Contexte de parution

« L'épingle » est une nouvelle de Guy de Maupassant, d'abord publiée dans le journal Gil Blas, en 1885, sous le pseudonyme de Maufrigneuse.

Elle sera ensuite reprise dans le recueil Monsieur Parent, paru cette même année 1885.

Résumé 

Le narrateur parcourt un pays dont on ne connaît pas le nom. Il trouve l'hospitalité dans un endroit qu'on lui a indiqué, chez un riche travailleur de la terre, qui ne cesse d'accumuler de l'argent.

Au cours du dîner, ils discutent de son ancienne vie ; il l'a passée à Paris, ville qu'il semble connaître par coeur.

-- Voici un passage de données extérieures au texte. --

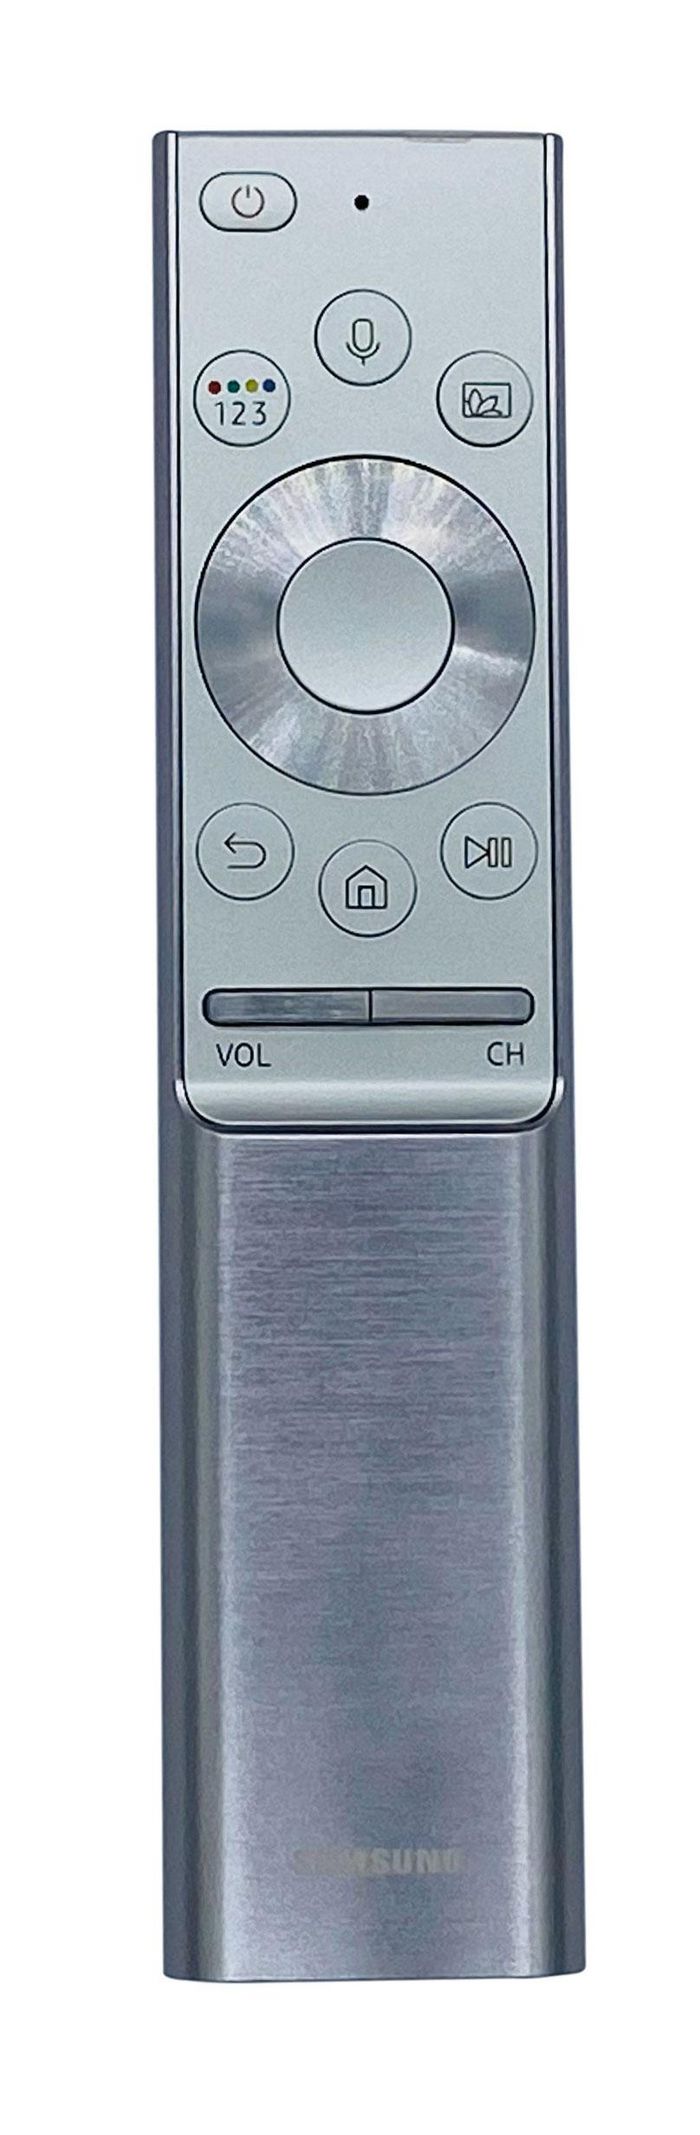 Samsung Smart Remote Control - W125507562

Lorsqu'ils finissent de manger, son hôte lui fait visiter sa maison. Elle est en désordre, sauf la chambre. Dans celle-ci, le narrateur est intrigué par une épingle à cheveux piquée sur une étoffe brillante. L'autre lui explique alors : elle appartenait à son ancien amour, toujours vif, et qui répond au nom de Jeanne de Limours, actrice en vogue des théâtres parisiens.

Il lui explique comment il a souffert, durant quatre ans, de leur relation passionnelle, et comment il s'est ruiné pour elle. Malgré toute sa douleur, mêlée de haine, il l'aime encore comme un fou. C'est à cause d'elle et pour elle qu'il se trouve là : il souhaite réunir un million, pour vivre une dernière année avec elle, jusqu'à la ruine définitive.

Et après ?

« Ce sera fini ! Je lui demanderai peut-être de me prendre comme valet de chambre. »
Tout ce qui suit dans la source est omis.